Some slang makes sense. For example, I’ve heard of splashdown home runs. That’s a home run that lands in the water. It could be the swimming pool at Chase Field or McCovey Cove outside Oracle Park in San Francisco.
Sometimes, slang terms change meaning over time. Take the word “goat.” When I was growing up, being a goat in sports was a bad thing. This was the person you blamed for losing a game. Charlie Brown often lamented that he was never the hero, but always the goat.
When I heard some famous athletes being described as “the goat,” I felt bad and angry. Why were people saying these terrible things about them? Then, I started to realize the meaning of “goat” had changed. Now it was a good thing? Er . . . okay. I was confused.
My friend Brian Wedemeyer explained it to me. “GOAT” is an acronym for Greatest of All Time. So, the name that was once associated with a bad thing is now a good thing. The meaning has completely turned around.
Did you understand all that? Well, I hope one of us did.
I just there’s something similar in the word “bomb.” To this day, if you say someone “bombed,” or a movie is “a bomb,” it means it’s the worst. On the other hand, if you say someone or something is “Da Bomb,” that means it’s the best.

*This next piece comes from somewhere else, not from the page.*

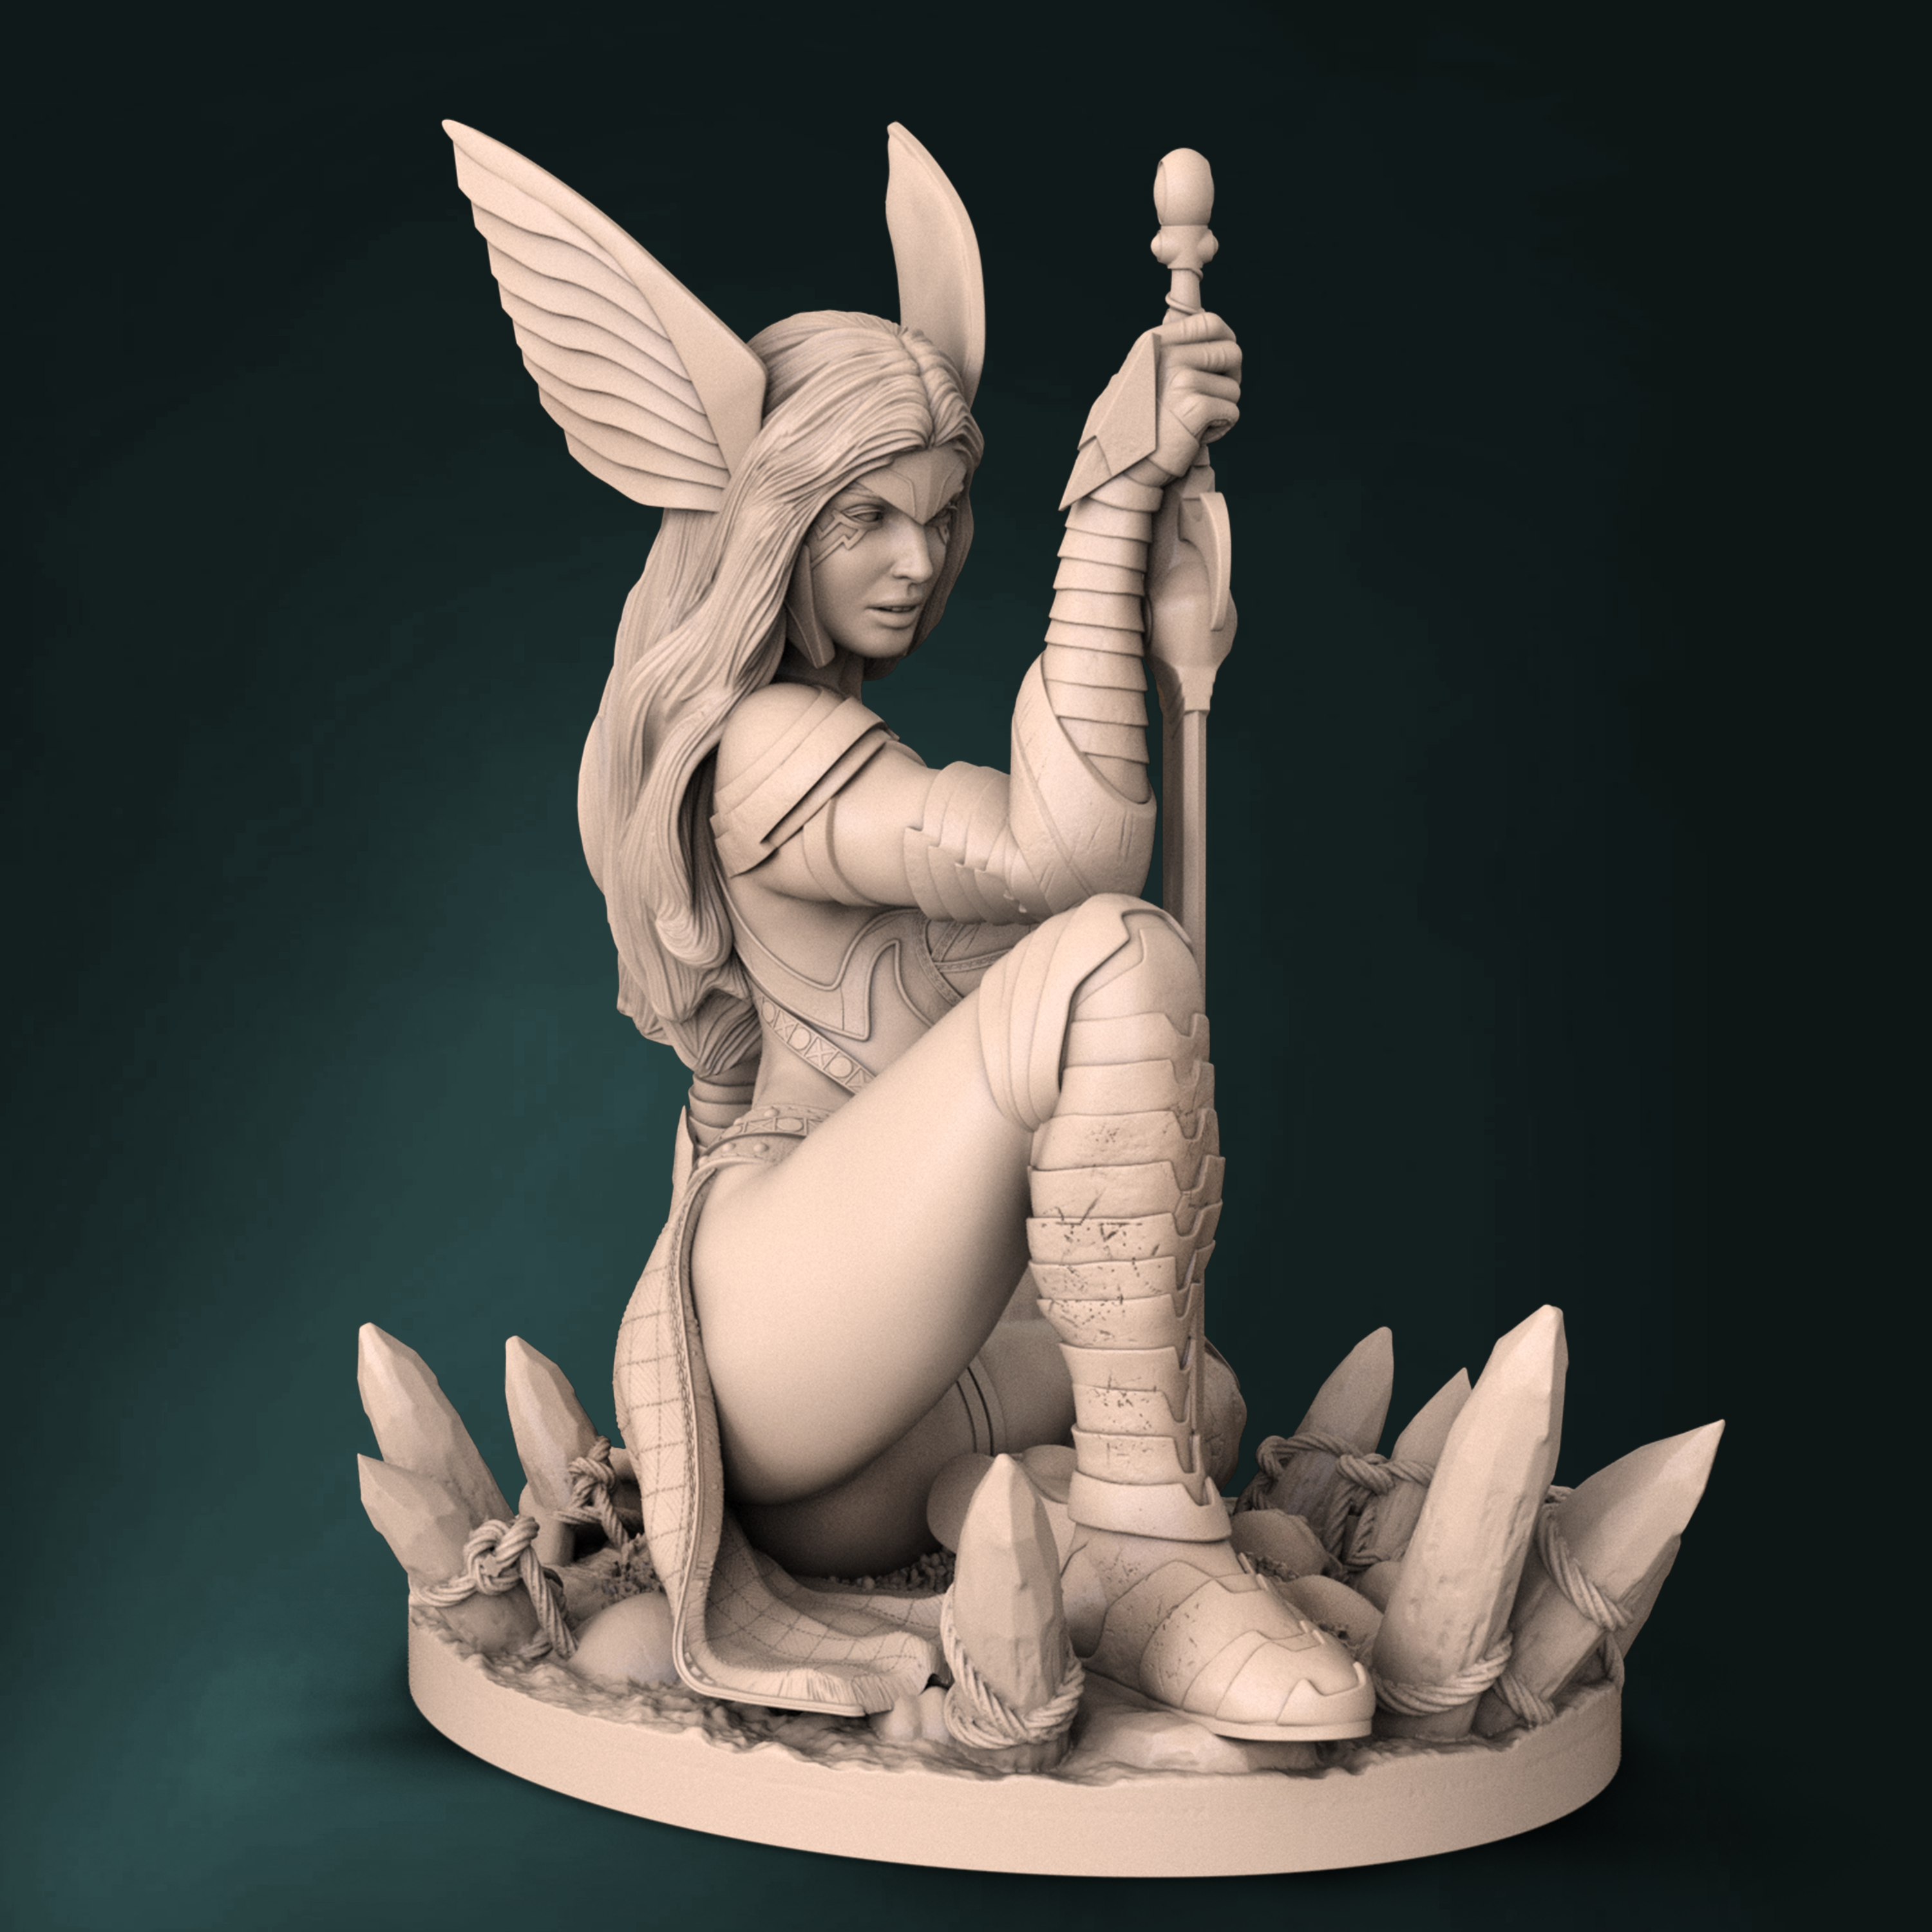 Angela 3D Printed model - Fan Art, SFW/NSFW 75mm or 180mm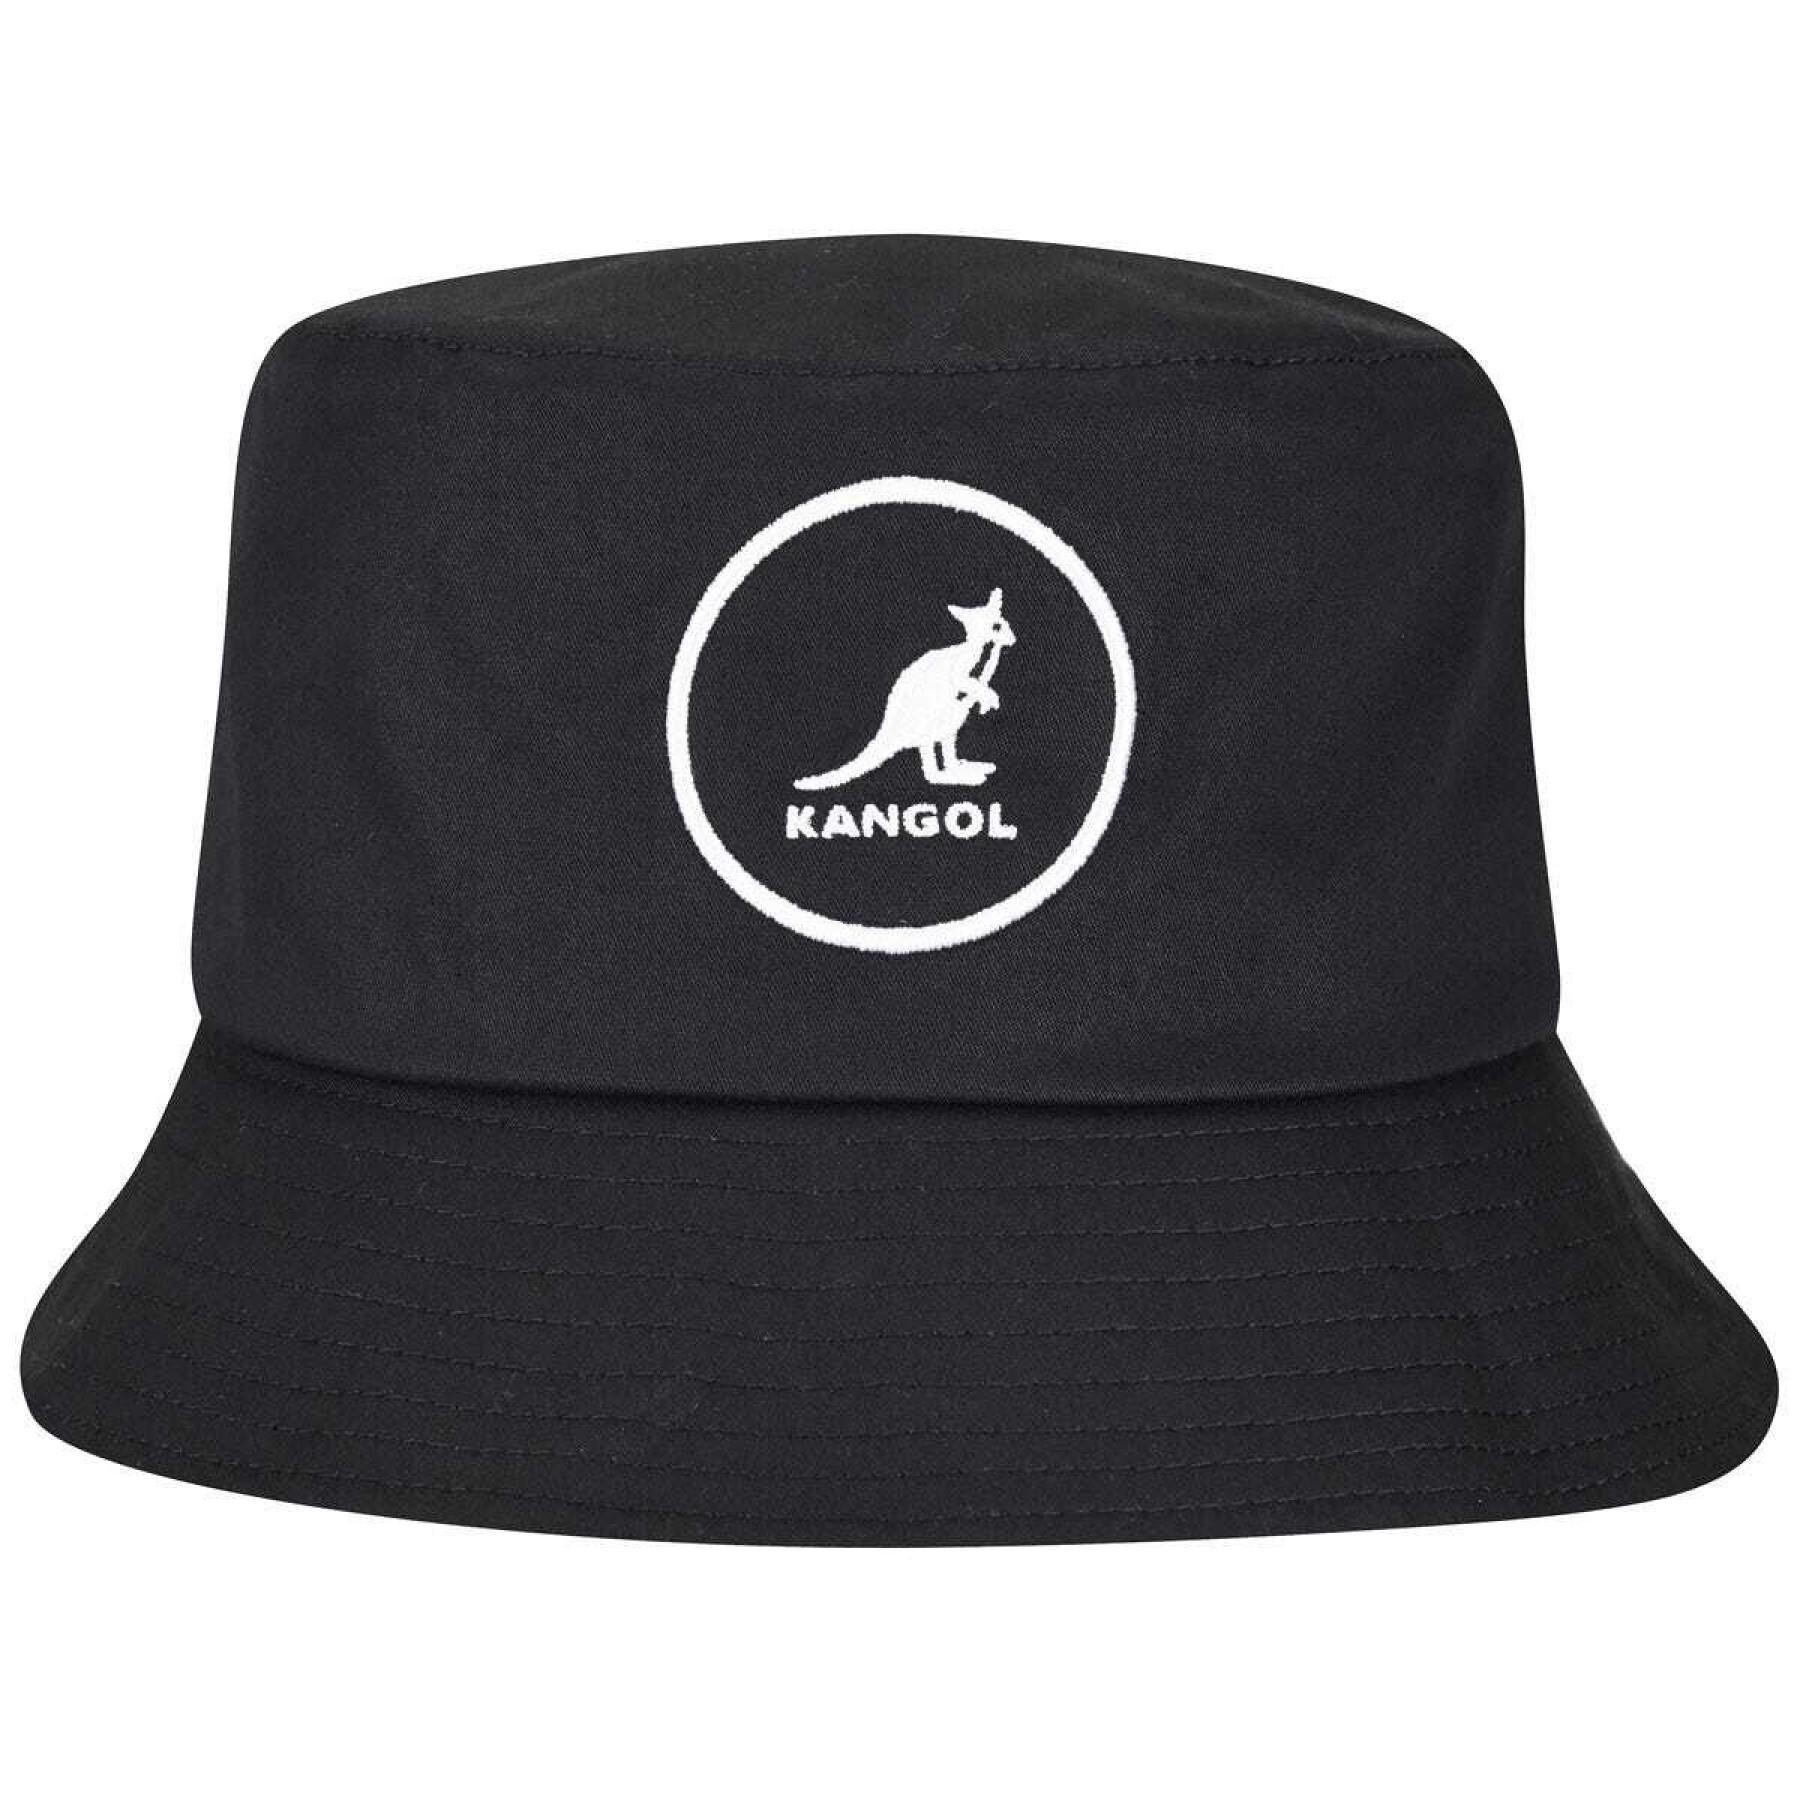 Kangol cotton bucket hat

Trying to figure that one out was a real blast.
I’m reminded of an incident with one of baseball’s most colorful characters, Yogi Berra. A woman remarked to him that he looked cool.
“Thanks,” he replied. “You don’t look so hot yourself.”
That’s the trouble with slang. Looking cool is a good thing, while looking not so hot is a bad thing. If you take the words literally, they’re saying the same thing. However, because they’re part of slang, they have completely different meanings.
I can’t help but think Bud Abbott and Lou Costello would’ve had a great time using slang terms in something like their “Who’s on First” routine. The only problem is I would likely have no idea what they were talking about.
To use a slang term, I’d be in the dark. They’d need to throw a little light on it.